Methods
This document describes how the analyses under reddit/ were
produced. It is intentionally specific so a reader can re-run any
step or audit any citation.
Corpus
- Source: r/Aphantasia subreddit dump as JSONL (
r_aphantasia_posts.jsonl,r_aphantasia_comments.jsonl) downloaded by the user; not re-scraped. - Date span: 2015-08-31 → 2026-05-06.
- Row counts: 23,884 posts, 392,558 comments.
- Deletion handling: rows where
selftext/bodyis[deleted],[removed], or empty are kept in the relational tables (withis_deleted/is_removed/is_empty_*flags) but excluded from semantic chunks. Counts: 2,128 deleted posts, 1,794 removed posts, 2,841 empty selftexts; 9,936 deleted comments, 2,339 removed comments. - 130 comments reference posts not in the dump ("orphans"); they
surface as
orphan_commentchunks if they meet the 30-token floor.
Chunking
Thread-aware, four kinds (spec §4.3):
| Kind | Primary | Context included |
|---|---|---|
post |
post | top-3 scored top-level comment bodies |
top_comment |
top-level comment | parent post title + top child reply |
deeper_reply |
non-top-level comment | parent comment body |
orphan_comment |
comment whose link_id is not in posts |
none |
Token budget per chunk: 512 (truncated by dropping lowest-priority context first).
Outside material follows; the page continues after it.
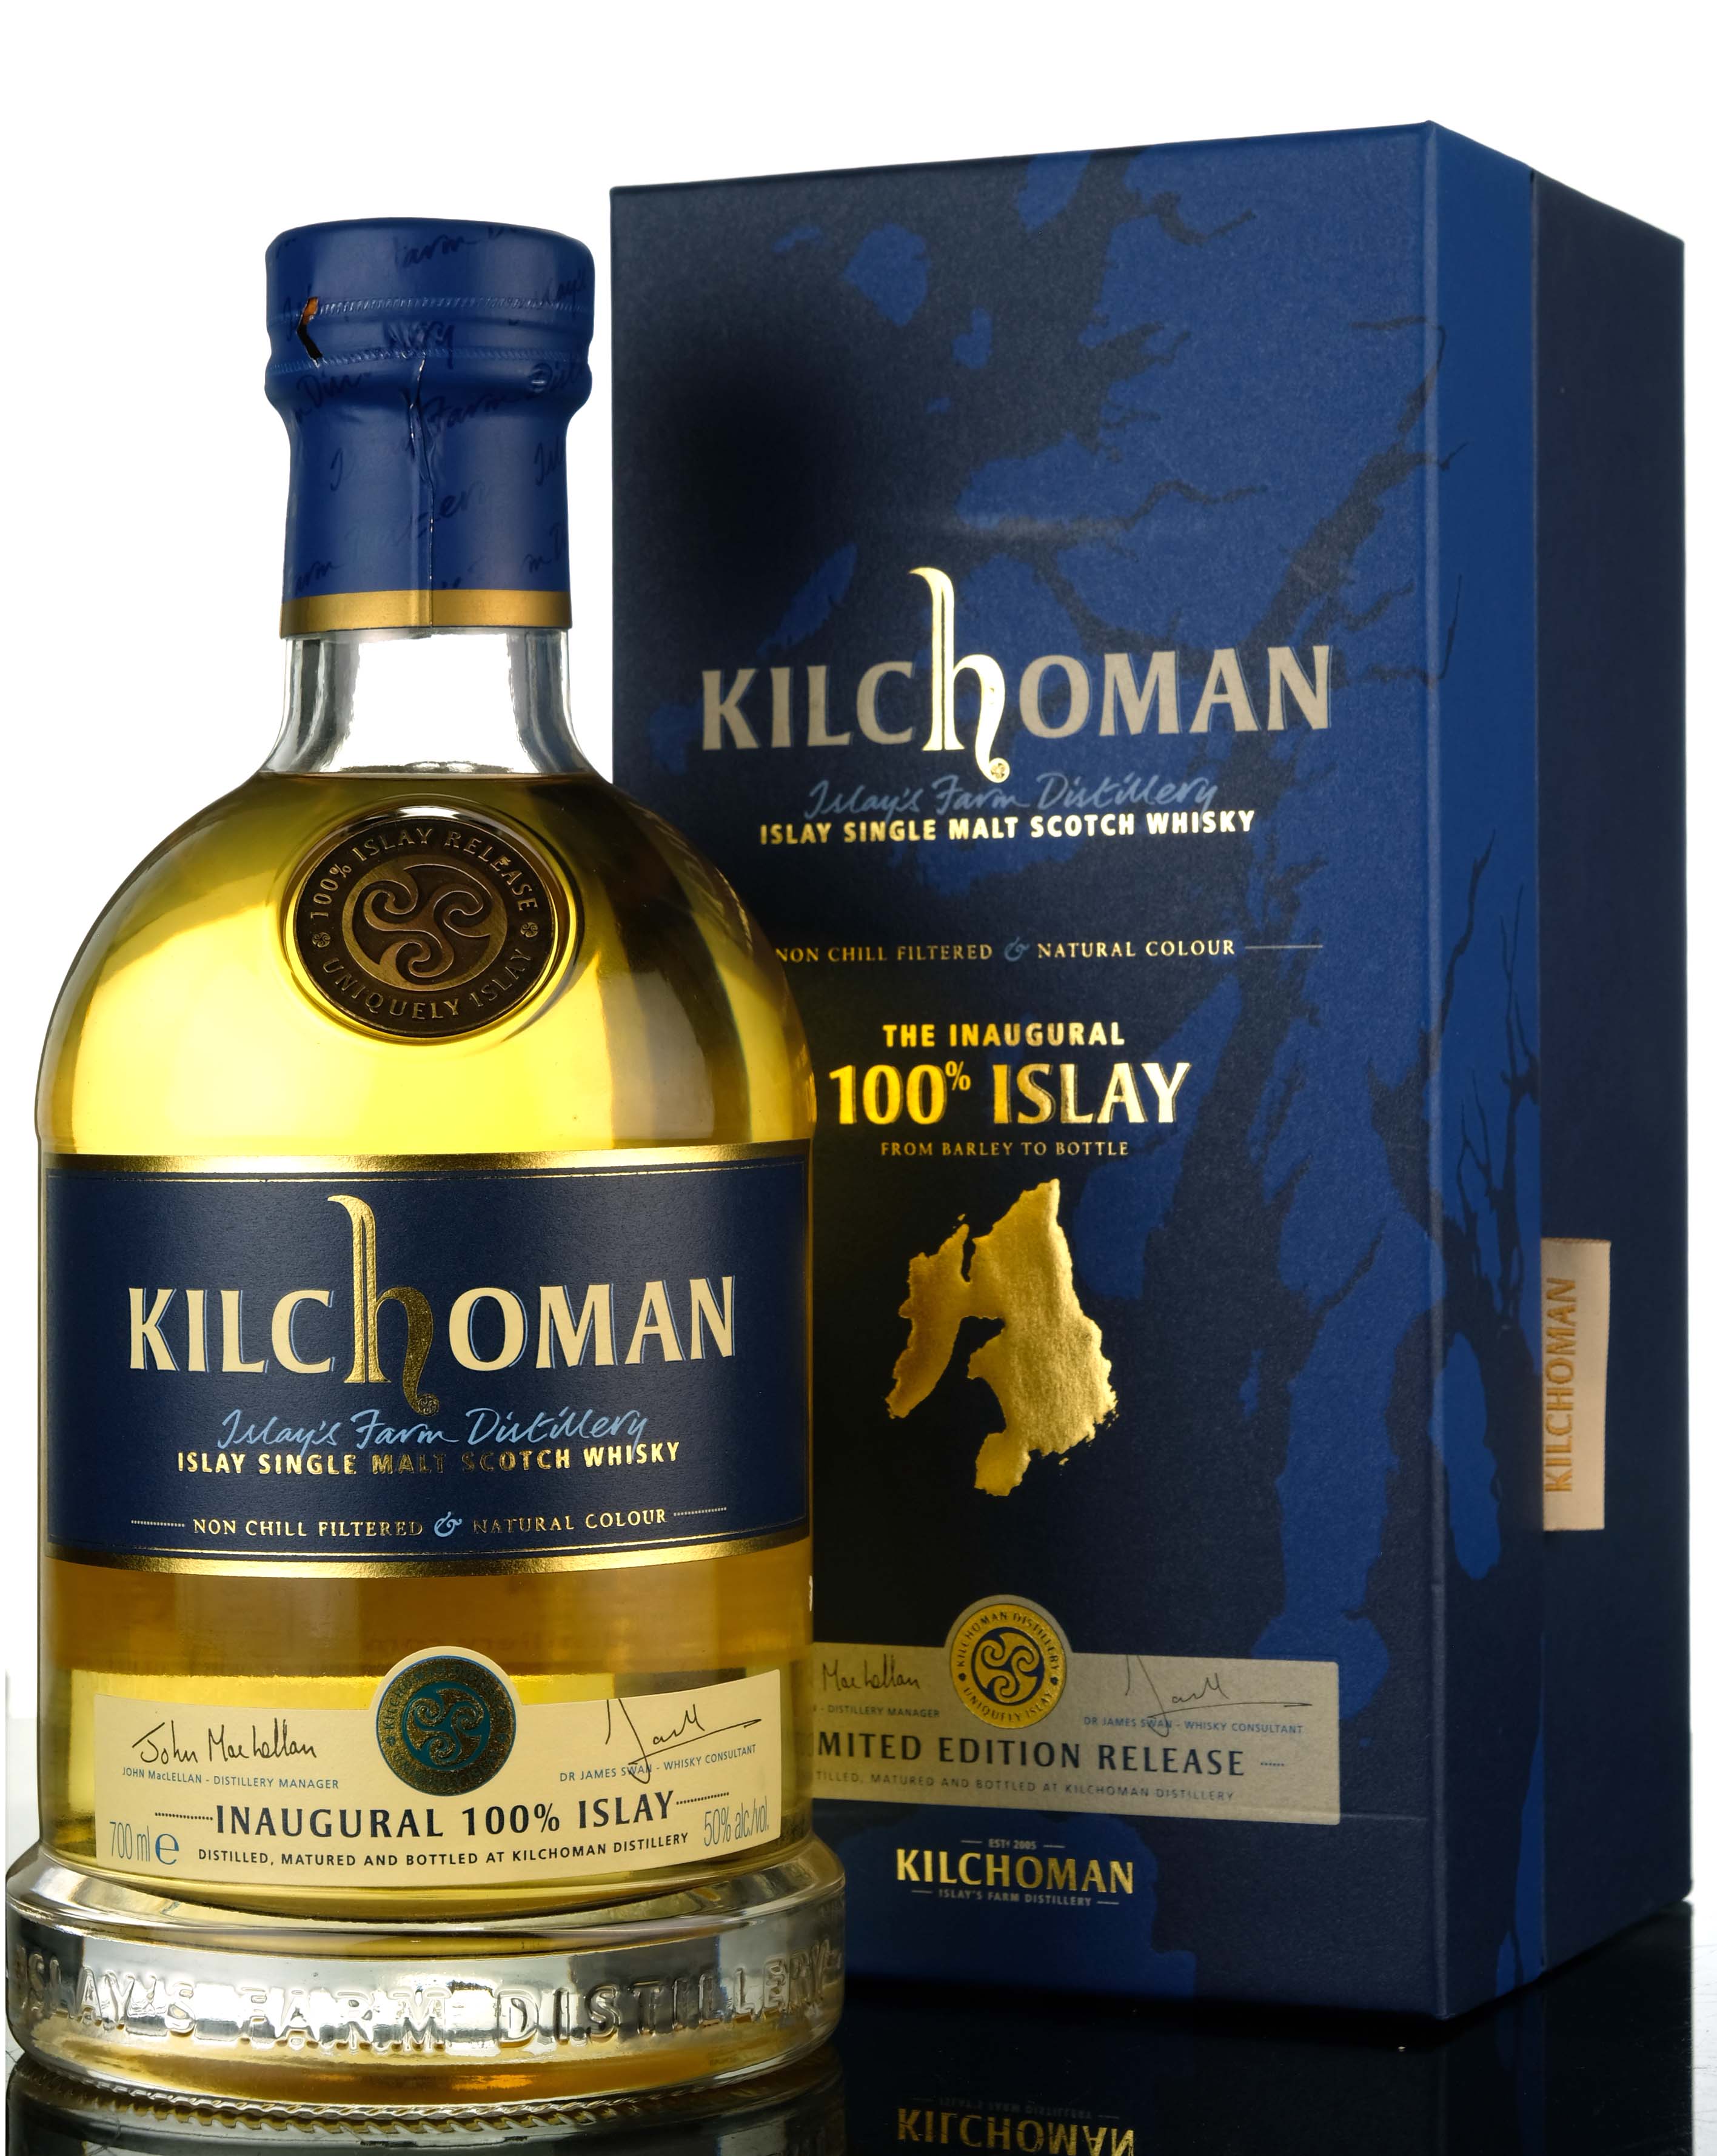 Kilchoman Inaugural 100% Islay - 2011 Release
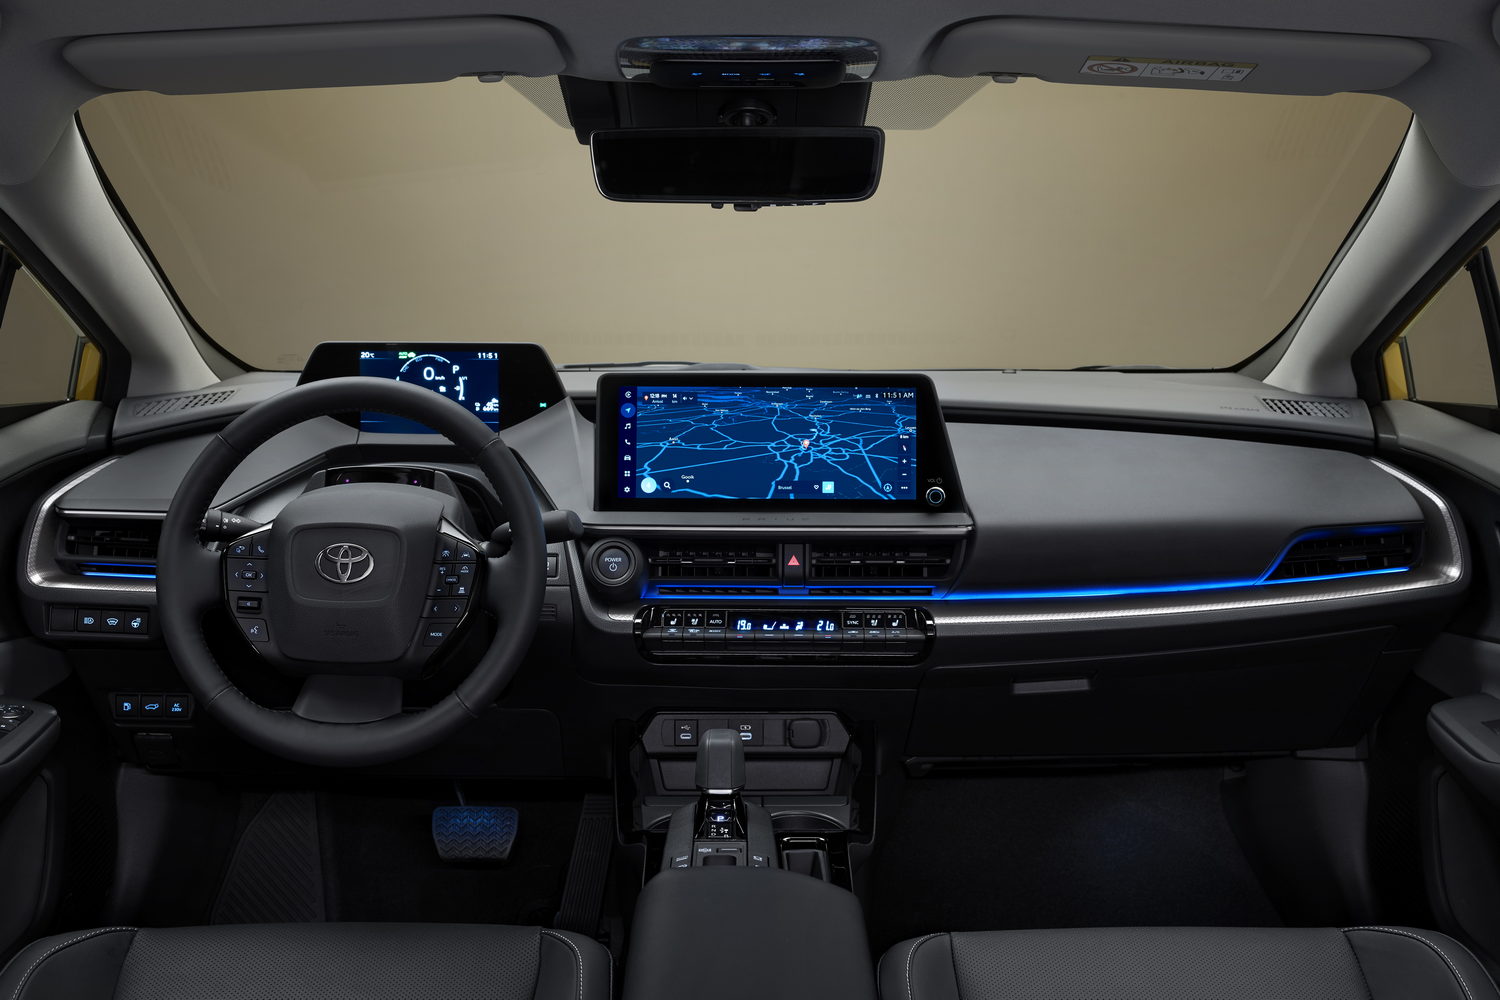 Toyota shows off 2023 hybrid Prius

All chunks indexed: 381,592 total (19,962 post + 179,367 top_comment + 182,184 deeper_reply + 79 orphan_comment).
Chunk IDs are deterministic SHA-1 truncated to 20 hex chars over
(chunk_version, chunk_kind, primary_kind, primary_id,
sorted role-tagged secondary refs, content_hash).
Embeddings & retrieval
- Embedding model:
ollama:nomic-embed-text, 768-dim. Originally the substrate was specified to useintfloat/e5-small-v2(384-dim) on local CPU; the pre-build benchmark projected ~11 hours to embed the full corpus. The substrate builder switched to a network-local Ollama endpoint at10.10.10.44:11434(recorded inembedding_metadata.device), which finished in minutes. The switch is consistent with the "no API keys, no inference server stood up alongside the pipeline" rule — the Ollama endpoint pre-existed on the local network. Querying re-uses the same endpoint. - Vector store:
sqlite-vecvirtual table with cosine similarity. - Lexical store: SQLite FTS5 with the
porter unicode61 remove_diacritics 2tokenizer. - Hybrid retrieval: reciprocal rank fusion (k=60) of BM25 + vector rankings.
Theme tagging
The taxonomy at pipeline/config/taxonomy.yaml defines 15
top-level themes broken into 33 sub-themes. For each sub-theme,
each seed query is run through hybrid retrieval at k=200, results
are unioned, and the highest-scoring (chunk, sub-theme) pair wins.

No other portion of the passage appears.